傍晚的时候,许柒在熨衣服。熨斗是白色的,很小,放在一块蓝色的烫衣板上。蒸汽从熨斗底下冒出来,白色的,热乎乎的,把许柒的脸蒸得有点红。她的脸颊上多了一层很淡很淡的粉色,像一朵被春风吹开了的、还没完全开、但已经露出了花苞里面颜色的桃花。
莫莉坐在旁边看。她把数位板收起来了,稿子画完了,小猫最后找到了家。不是它原来的家,是另一个。一个它从来没有去过、但一进去就觉得“就是这里”的家。那个家的屋顶上晒着一条蓝色的被子,和小猫的眼睛一个颜色。莫莉画完的时候,看着那条蓝色的被子,想起了许柒的毛衣。深蓝色的,她在秋天常穿的那件。许柒今天没有穿那件,她穿了一件白色的T恤,领口很大,露出一截锁骨。锁骨下面有一颗很小的痣,莫莉以前没注意到。可能以前就有,可能今天第一次看到。她盯着那颗痣看了很久,久到许柒抬起了头,她才把目光移开。
“你在看什么?”许柒问。
“没什么。”莫莉低下头,假装在整理数位板的线。线缠在一起了,她解了很久,越解越紧。许柒放下熨斗,走过来,蹲在她旁边,伸手拿过那团线。她的手指很灵活,找到了线头,绕了两下,抽出来,线就解开了。她把线递给莫莉,手指碰到了莫莉的手指。很短,短到像眨眼。但莫莉感觉到了。
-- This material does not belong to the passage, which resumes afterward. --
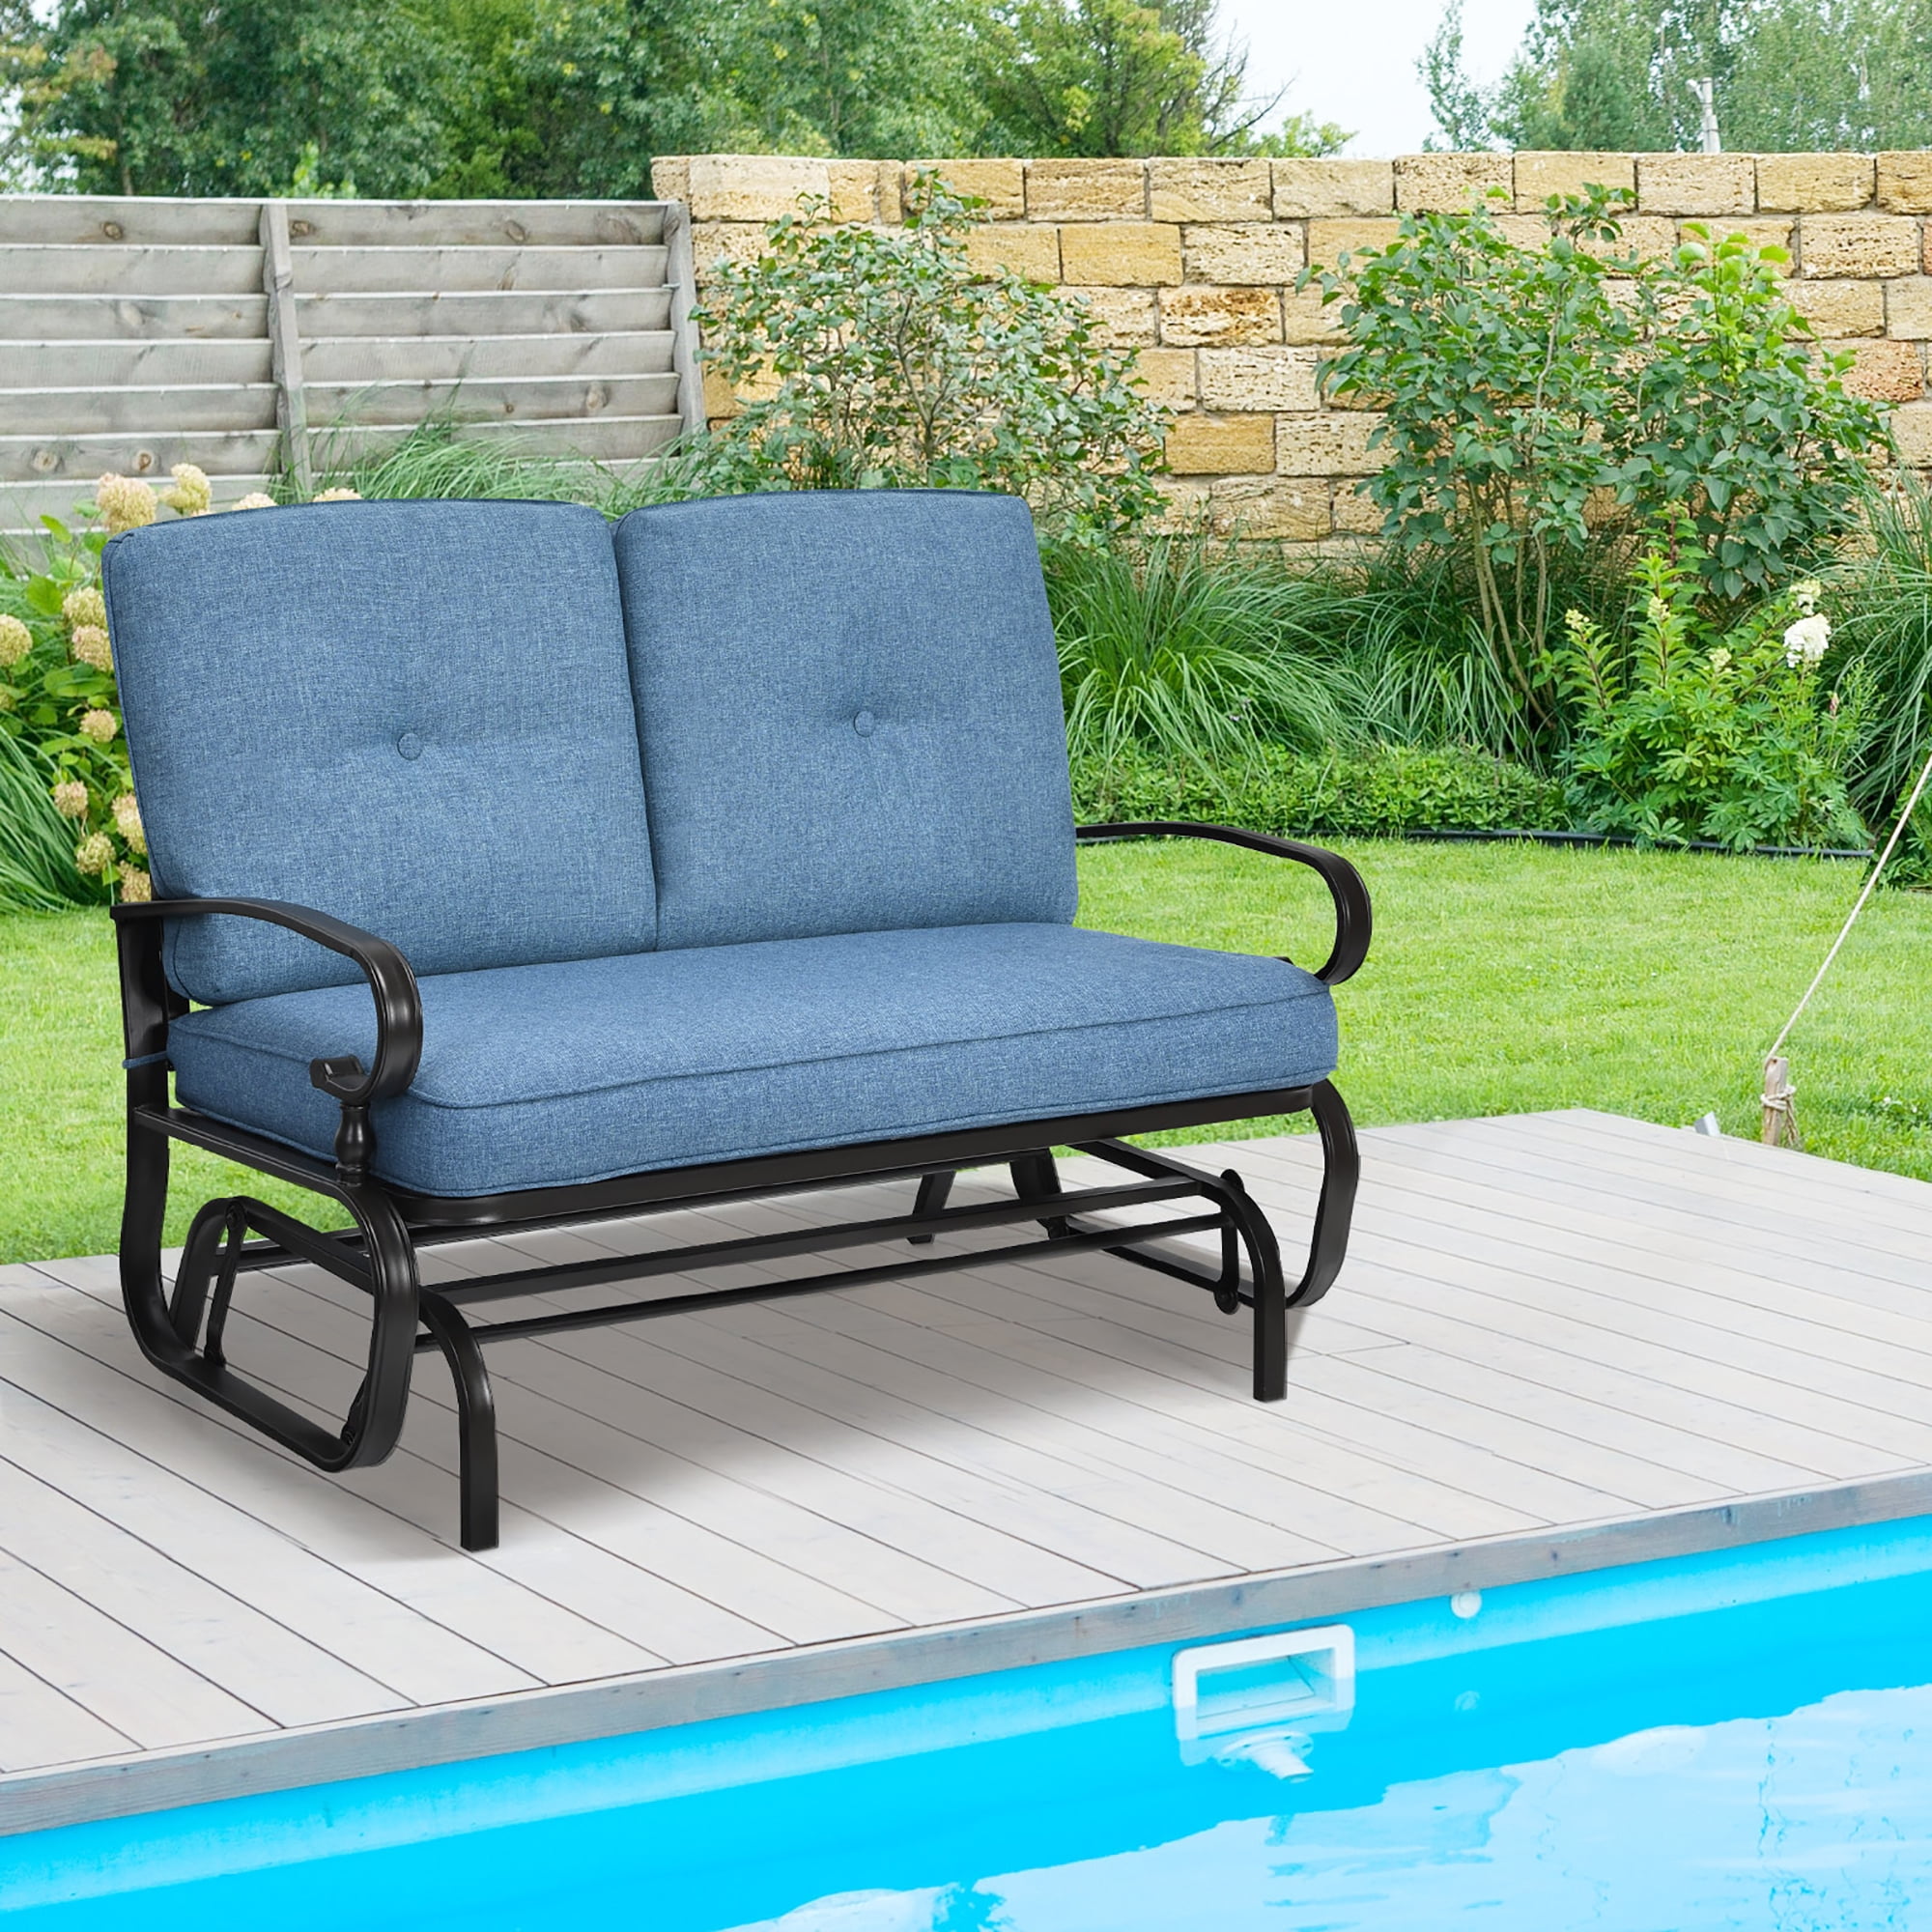 Casart Ergonomic Handwoven Lounge Recliner Outdoor Patio Chaise Chair with Heavy Padded Cushions for Garden Lawn and Poolside

许柒的手指是热的,比熨斗的蒸汽还热。不是因为温度,是因为那是许柒的。
“谢谢。”莫莉说。
“不用。”
许柒站起来,走回去继续熨衣服。莫莉握着那根被解开的线,线是黑色的,很长,绕在手指上,像一枚没有镶宝石的、很细的、黑色的戒指。她没有摘下来。让它绕在手指上,绕了一整个傍晚。画完画,收好东西,穿上外套,准备走的时候,她才把那根线取下来,放在桌上。线的形状还是绕着的,一圈一圈的,像她的指纹。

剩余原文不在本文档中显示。